MADRID 4 Feb. (EUROPA PRESS)
El invierno puede ser la época favorita para los amantes de la moda, ya que el descenso de las temperaturas y el clima frío permite que se saquen las botas del armario. Lluvia, nieve o viento, estos zapatos pueden salvar los pies de muchas circunstancias climatológicas, pero generalmente solo se utilizan durante el invierno.
Cuando empieza a hacer más calor con la llegada de la primavera, es el momento de empezar a guardar el calzado invernal para el año que viene. Sin embargo, muchas botas, si no se almacenan correctamente, pueden generar malos olores o deformarse.
TRUCOS FÁCILES PARA EVITAR QUE TUS BOTAS SE DEFORMEN
Las botas de caña alta requieren especial cuidado a la hora de guardarlas, particularmente si son de piel, ya que se busca alargar su vida útil lo máximo posible. Aunque existen productos diseñados especialmente para evitar que este zapato se deforme, también hay unos cuantos trucos caseros que cumplen esta función.
En primer lugar, se puede utilizar un churro de piscina. Este se corta a la medida deseada de la caña de la bota, se introduce en su interior y se almacena el calzado en un sitio oscuro, fresco y seco para evitar la degradación del material. Una alternativa, si no se quiere usar un churro de piscina, es enrollar una bolsa de papel. Esta se puede enroscar firmemente e introducir en la bota para su correcta conservación.
Otro truco consiste en utilizar una pinza con un disco de algodón. Al juntar las botas, se coloca el algodón en la parte superior, donde ambas entran en contacto y se pone una pinza en el centro para sujetarlo. Esto método evita que se quede la impresión de la pinza en la bota.
CÓMO EVITAR LOS MALOS OLORES
Las botas, como cualquier zapato, acumulan suciedad y sudor con el uso.
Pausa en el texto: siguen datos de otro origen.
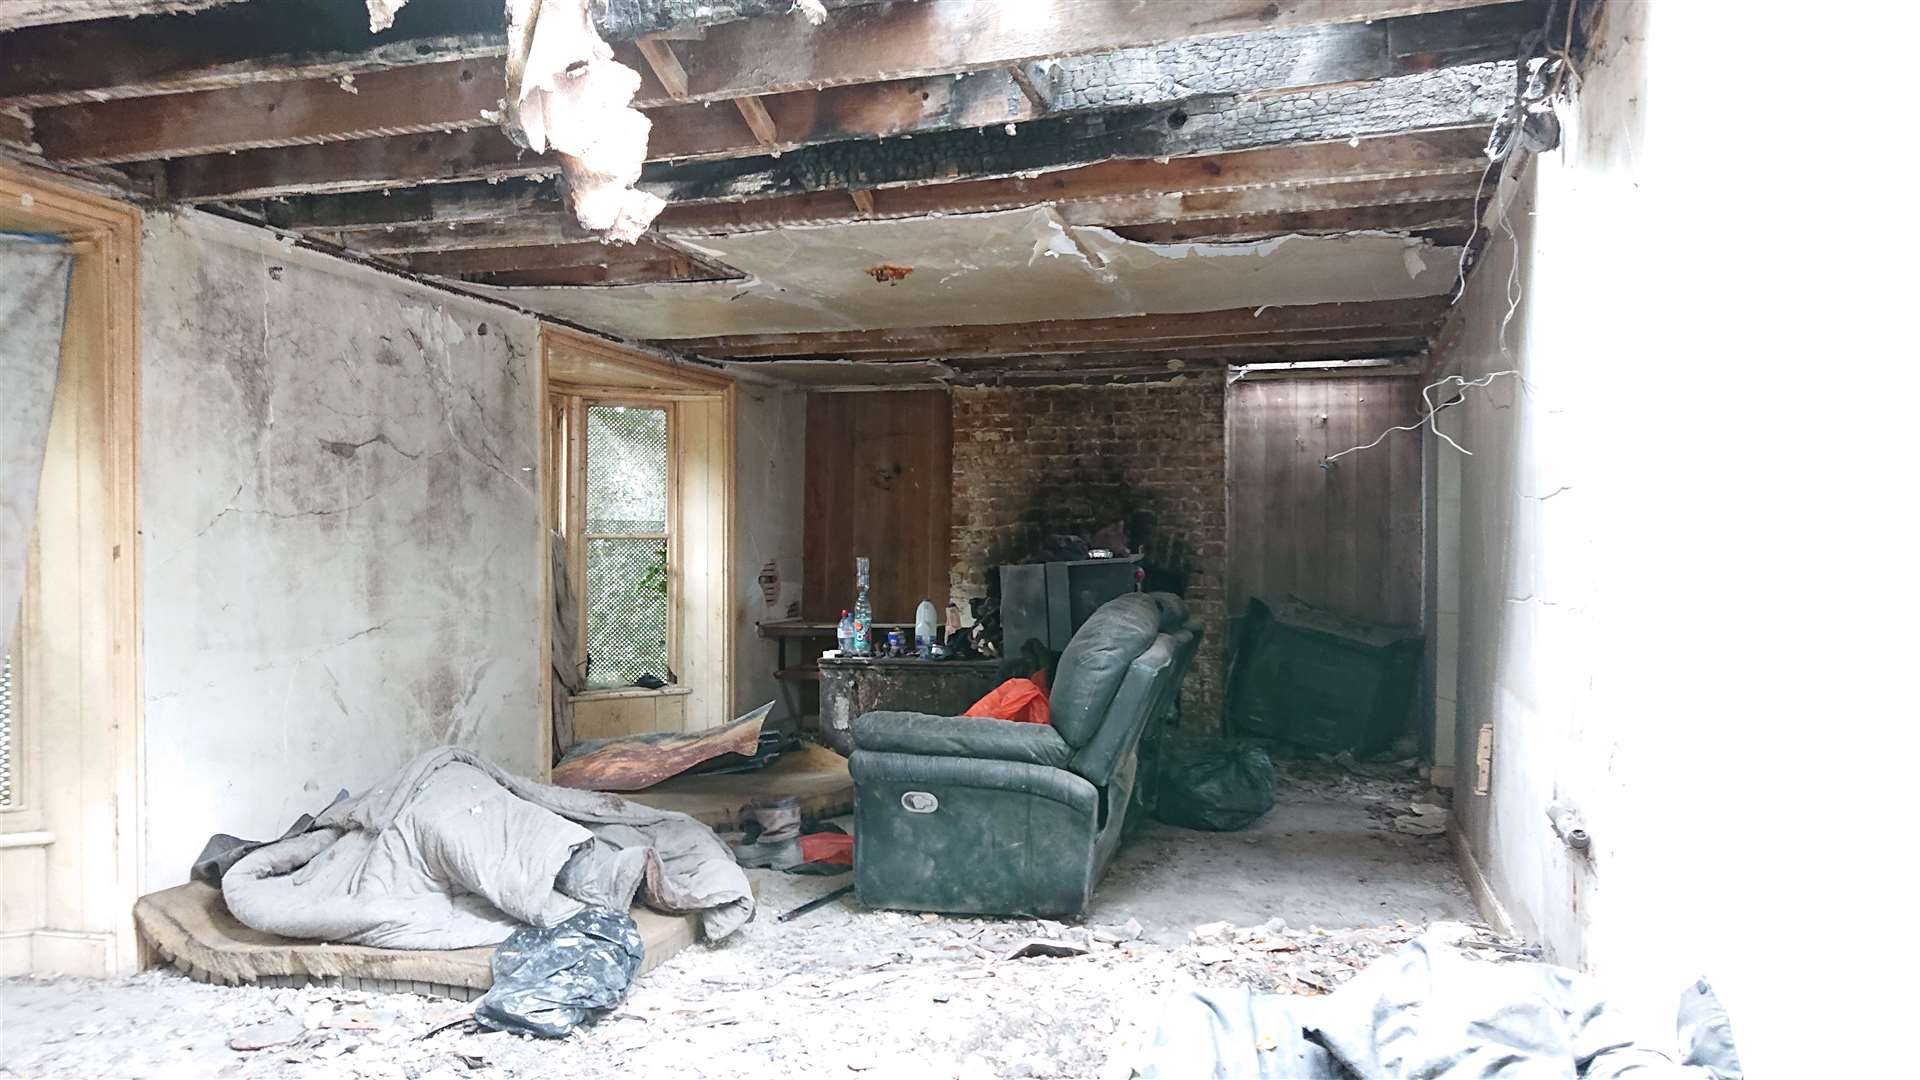 The inside of the derelict house. Picture: Paul Jones

Además, algunos materiales ofrecen menos ventilación, lo que limita la evaporación del sudor. Al igual que ocurre con la deformación, existen productos específicos para controlar y evitar los olores acumulados, como desodorantes específicos o plantillas, pero hay algunos trucos caseros que pueden ayudar en este proceso.
El bicarbonato sódico, aliado en la cocina y en la limpieza, también puede utilizarse para controlar los olores. Basta con espolvorear un poco en el interior de los zapatos y dejarla actuar durante la noche, de acuerdo con información divulgada por los expertos de Pisamonas. Para retirarlo, se puede sacudir el calzado o se puede usar una aspiradora para eliminar los residuos.
Similarmente, el vinagre blanco se puede diluir con agua, rociar en el interior del zapato, y dejar secar al aire. Según los expertos, esta mezcla es especialmente útil para evitar el crecimiento de bacterias, responsables por los olores desagradables.
También se puede introducir una pequeña bolsa con hierbas aromáticas, como la lavanda, dentro del zapato. Esto puede ayudar a eliminar el mal olor y puede además dejar un aroma agradable al retirarlo.
Por último, las botas pueden congelarse durante unas horas o toda la noche para evitar bacterias y hongos. Estas se guardan en una bolsa y, tras el proceso, necesitan unas horas para que se descongelen y puedan volver a utilizarse.